Required work: Pictures excluded, output exactly the lines from the one containing "The North Face" through the last line of the listing below.

Supplied information:
..............................

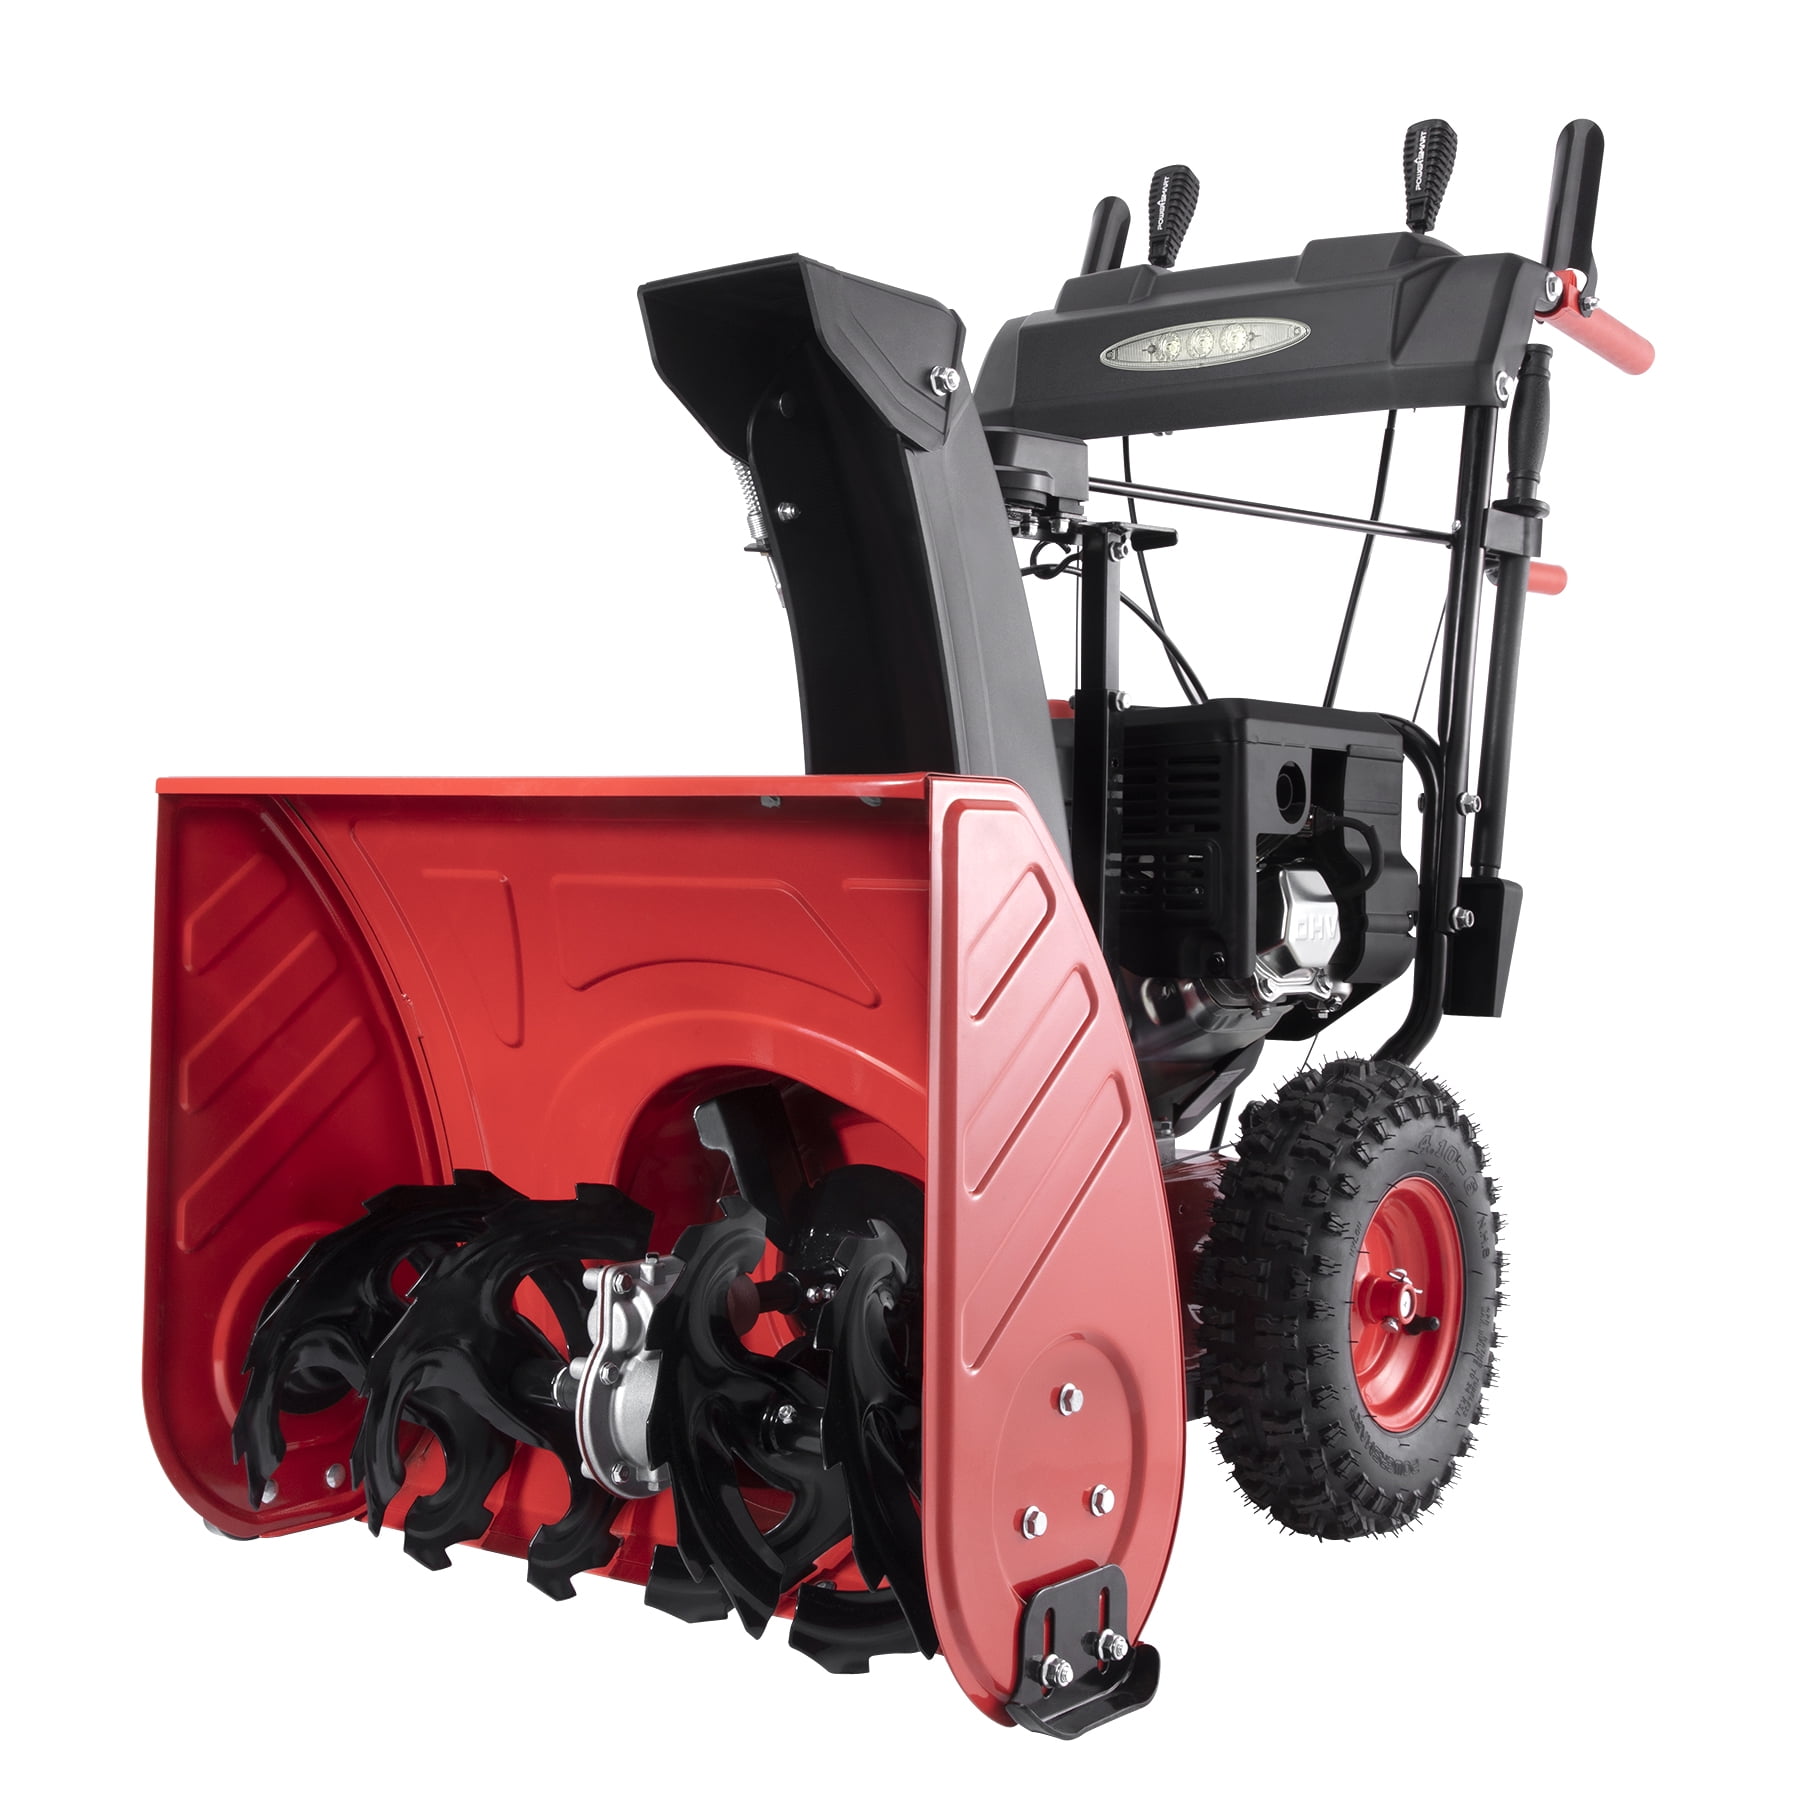 PowerSmart DB7109A 24″ 6 Speed Gas Snow Blower with Two-Stage, Electric Start, LED Headlight
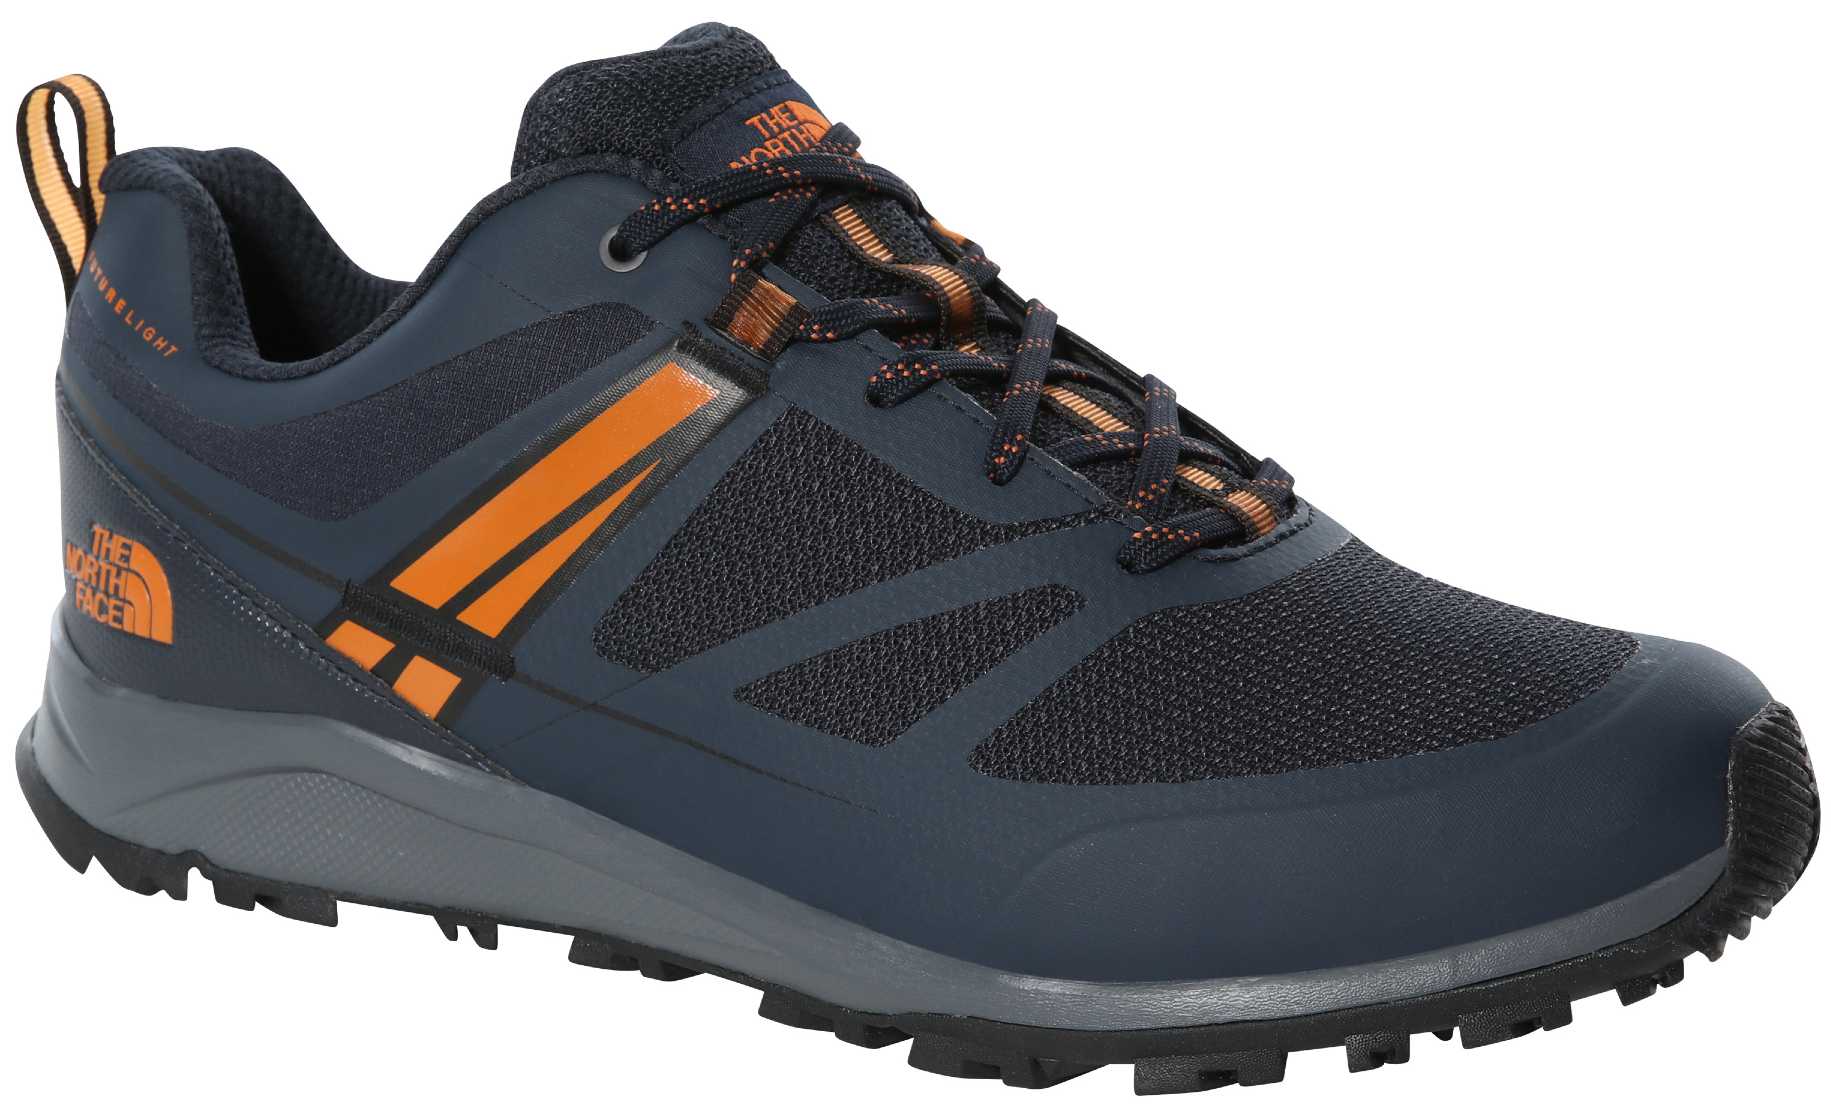 The North Face Litewave FutureLight Walking Shoes
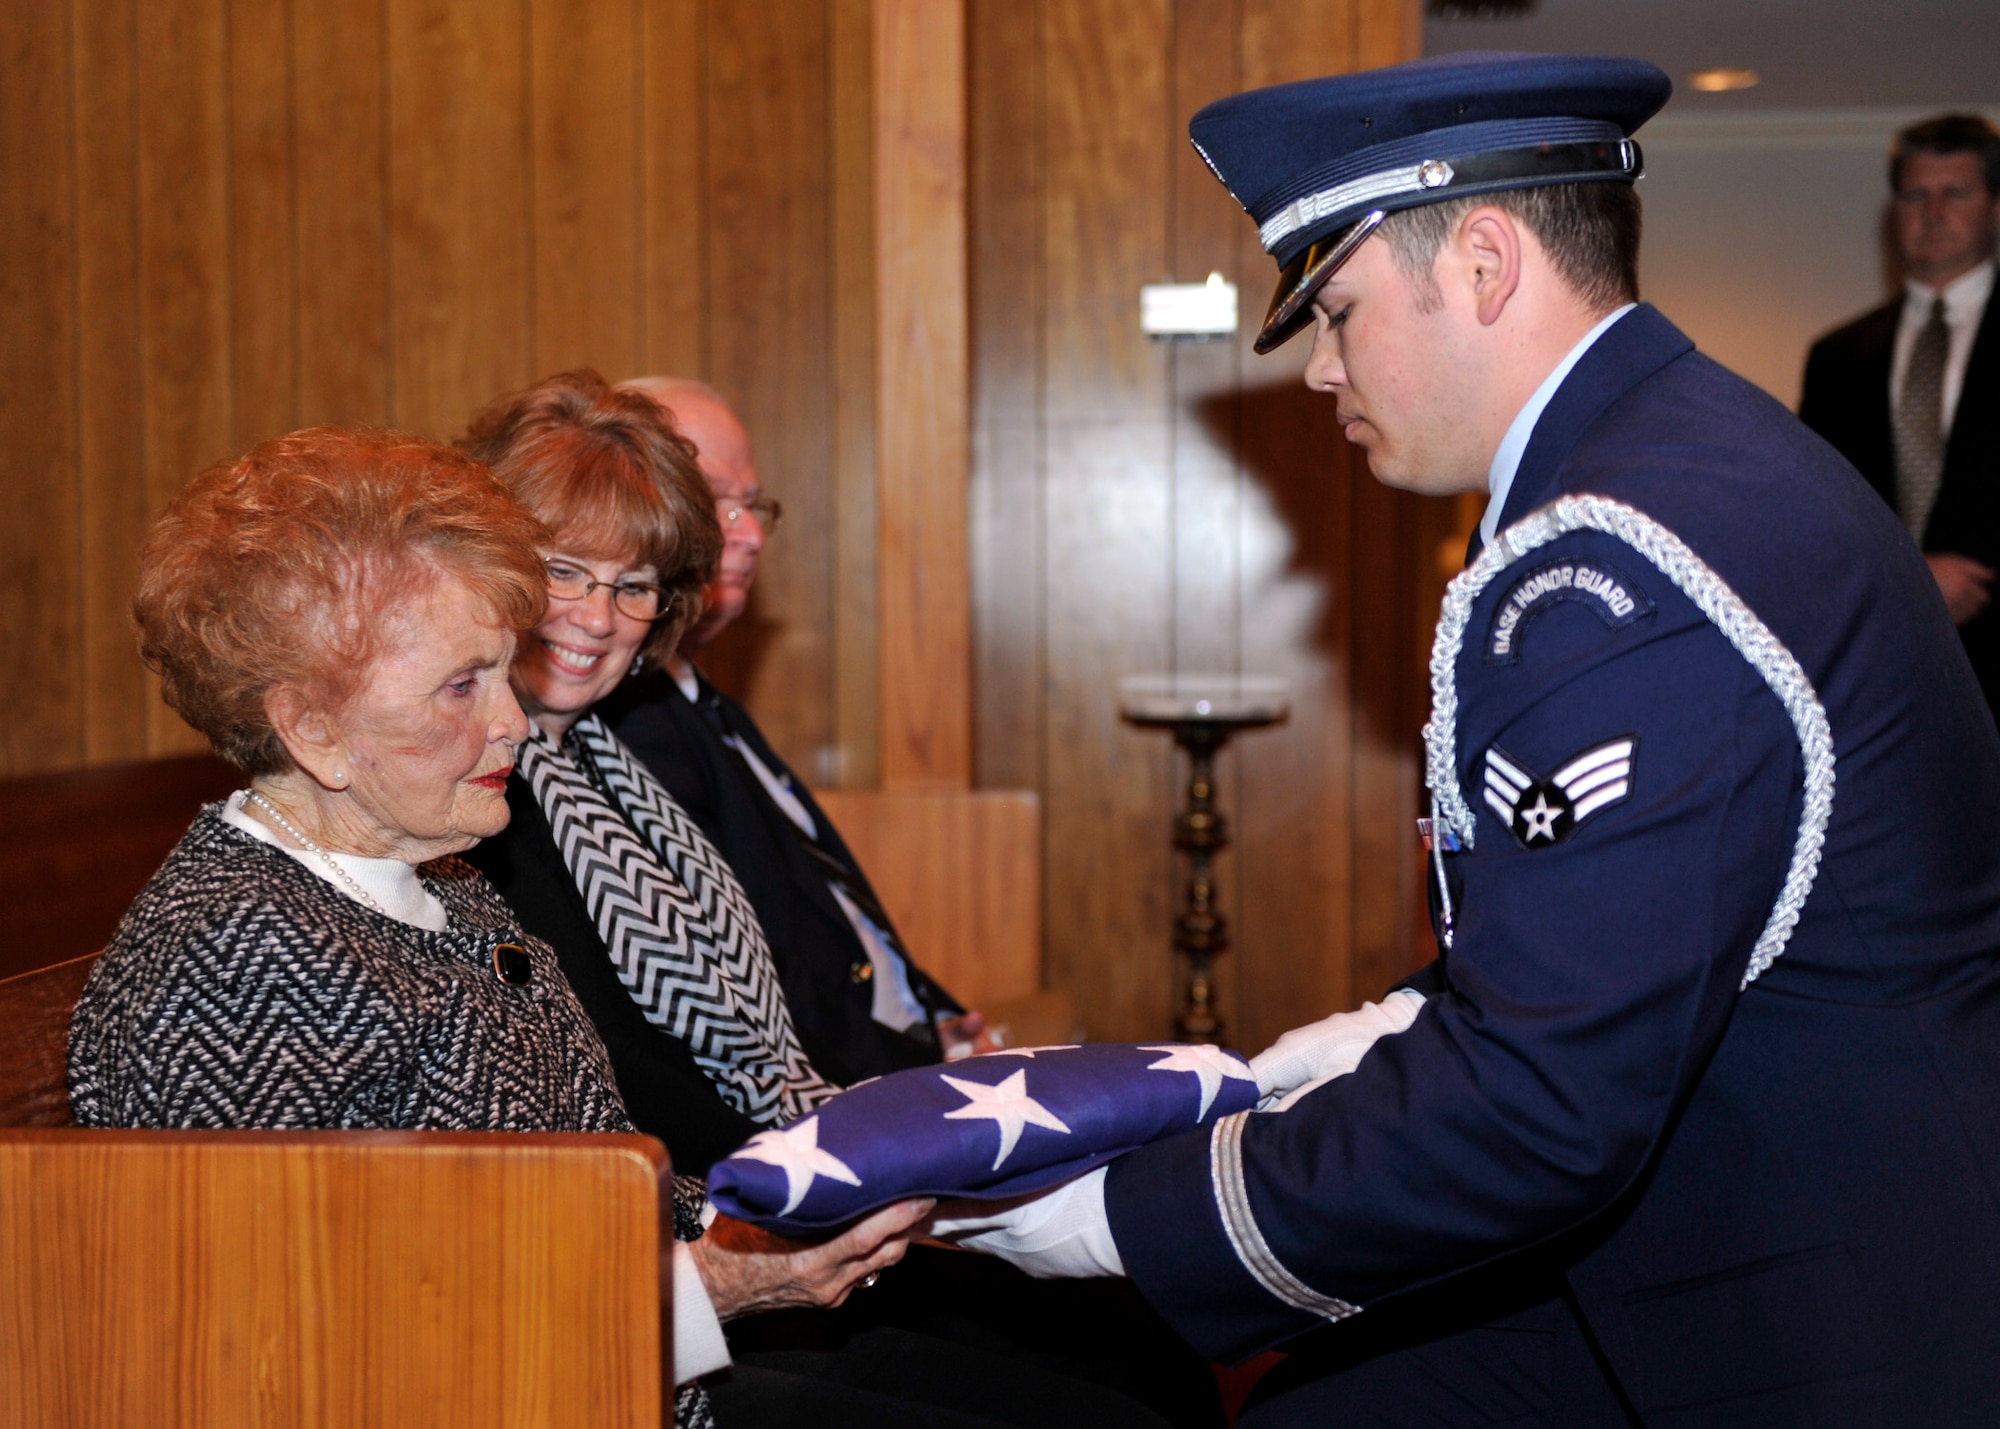 A Tyndall Honor Guard member presents the U.S. flag to the family of U.S. Air Force Col. (Ret.) Robert “Don” Gregor March 1 at the Wilson Funeral Home Chapel in Panama City, Fla. during his funeral. Gregor was the Tyndall base commander and the vice commander of the Weapons Center at one point in his career. (U.S. Air Force photo by Airman 1st Class Sergio A. Gamboa/Released)

..............................

Task solution:
 The North Face Litewave FutureLight Walking Shoes
 A Tyndall Honor Guard member presents the U.S. flag to the family of U.S. Air Force Col. (Ret.) Robert “Don” Gregor March 1 at the Wilson Funeral Home Chapel in Panama City, Fla. during his funeral. Gregor was the Tyndall base commander and the vice commander of the Weapons Center at one point in his career. (U.S. Air Force photo by Airman 1st Class Sergio A. Gamboa/Released)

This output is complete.